Max-Fidelity Linear Discriminant Analysis
=========================================

Documentation for :py:mod:`iq_readout.two_state_classifiers.MaxFidLinearClassifier`

Characteristics
---------------

- 2-state classifier for 2D data
- Uses threshold to classify (projected) 2D data
- Decision boundary is a straight line (hence *linear*)
- Does not assume any probability density function for the 2D data, thus

  - the PDFs will correspond to the histograms of the calibration data
  - the accuracy in the threshold is limited by the bin separation of the histogram of the calibration data


Example
-------

.. plot::

   import matplotlib.pyplot as plt
   import numpy as np
   from iq_readout.two_state_classifiers import MaxFidLinearClassifier
   from iq_readout.plots.shots1d import plot_two_pdfs_projected
   from iq_readout.plots.shots2d import plot_shots_2d, plot_boundaries_2d
   
   shots_0, shots_1 = np.load("data_two_state_calibration.npy")
   classifier = MaxFidLinearClassifier.fit(shots_0, shots_1)

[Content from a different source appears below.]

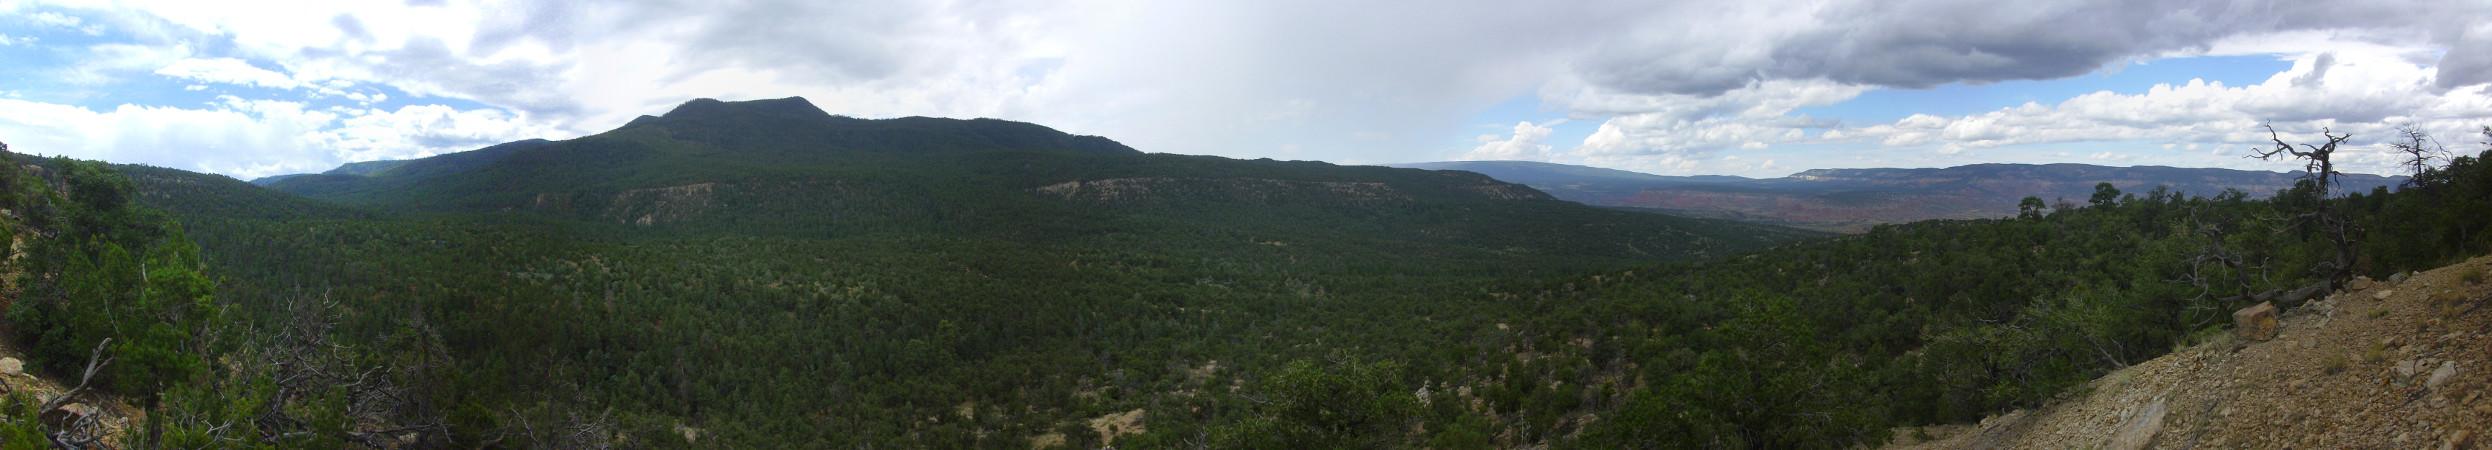 Cretaceous panorama

   fig, axes = plt.subplots(nrows=1, ncols=2, figsize=(10, 4.5))
   axes[0] = plot_shots_2d(axes[0], shots_0, shots_1)
   axes[1] = plot_two_pdfs_projected(
        axes[1],
        classifier,
        shots_0,
        shots_1,
   )
   axes[0] = plot_boundaries_2d(axes[0], classifier)

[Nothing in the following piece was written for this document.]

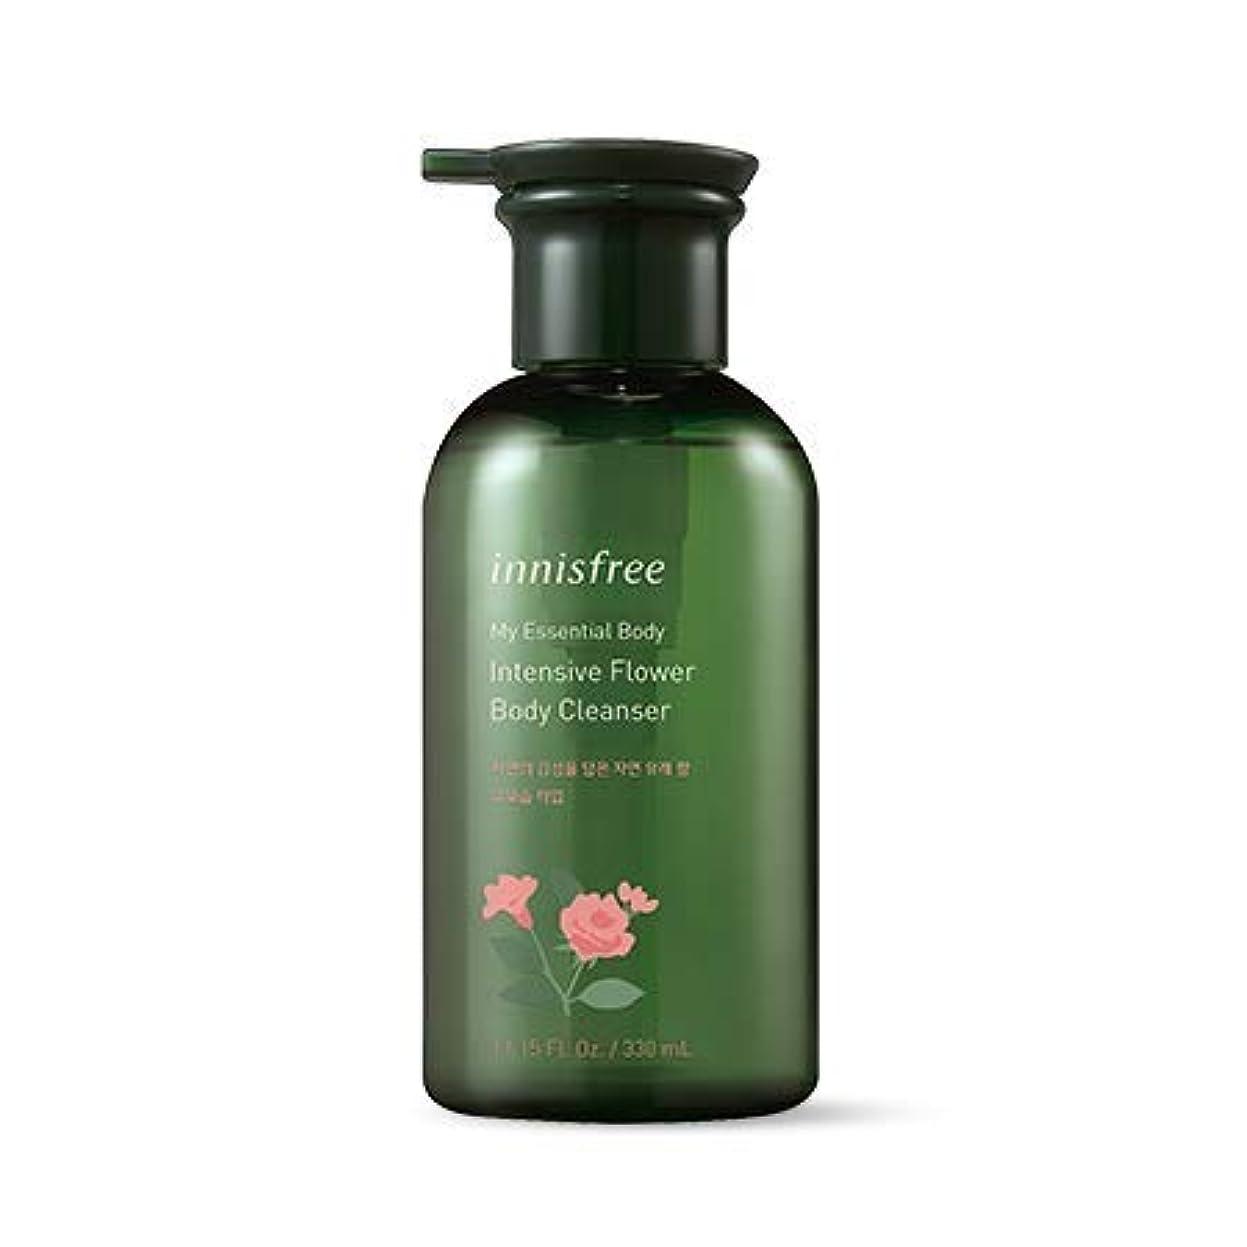 不格好おびえた排除する[イニスフリー.innisfree]マイエッセンシャルボディインテンシブフラワーボディクレンザー330mL)2019 new)/ My Essential Body Intensive Flower Body Cleanser

   axes[0].set_title("Decision boundaries")
   axes[1].set_title("PDFs")
   plt.show()


Threshold classifier
--------------------

The threshold classifiers are two-state linear classifiers that use a threshold line (hence *linear*) to divide the 2D plane into two regions (hence *two-state classifier*). 
Given a threshold :math:`z_{thr}` and a projection function :math:`\vec{z} \rightarrow z_{\parallel}=\vec{z}\cdot \hat{e}_{\parallel}`, it outputs 0 if :math:`z_{\parallel} \leq z_{thr}` and 1 otherwise. 

*Note: the threshold can be updated based on the prior probabilities of the classes, but it requires some computation*


Linearity
---------

The linearity of this classifier comes from its definition, as the decision boundary is a line perpendicular to :math:`\hat{e}_{\parallel}` that crosses the point :math:`\vec{A} = z_{thr}\hat{e}_{\parallel}`. 


Maximum fidelity in a threshold classifier
------------------------------------------

The assignment infidelity :math:`\epsilon` is defined as :math:`\epsilon = (p(m=0|s=1) + p(m=1|s=0))/2`, where :math:`p(m|s)` is the probability of measuring :math:`m` given that the qubit was in state :math:`s`. 
Note that we have assumed that the probability of seeing state 0 and 1 are the same (i.e. p(s=0)=p(s=1)=1/2), but it can be generalized to any :math:`p(s)` using :math:`\epsilon = p(m=1|s=0)p(s=0) + p(m=0|s=1)p(s=1)`. 
Given the cumulative density functions :math:`CDF(z_{\parallel}|s)`, we can rewrite the assingment infidelity as 

.. math::
   \epsilon = \frac{1}{2} [CDF(z_{thr}|1) + 1 - CDF(z_{thr}|0)],

because the probability of incorrectly assigning :math:`m=0` to state :math:`s=1` is the probability that the projected data is less than the threshold, and equivalently for the other case.
Note that we have assumed that (1) the 0 blob is on the left of the 1 blob in the projected axis, and (2) the density functions "behave as expected", meaning that :math:`CDF(z_{\parallel}|0) \geq CDF(z_{\parallel}|1) \;\forall z_{\parallel}`. 
This last assumption can be broken if the PDFs exhibit more than one maximum. 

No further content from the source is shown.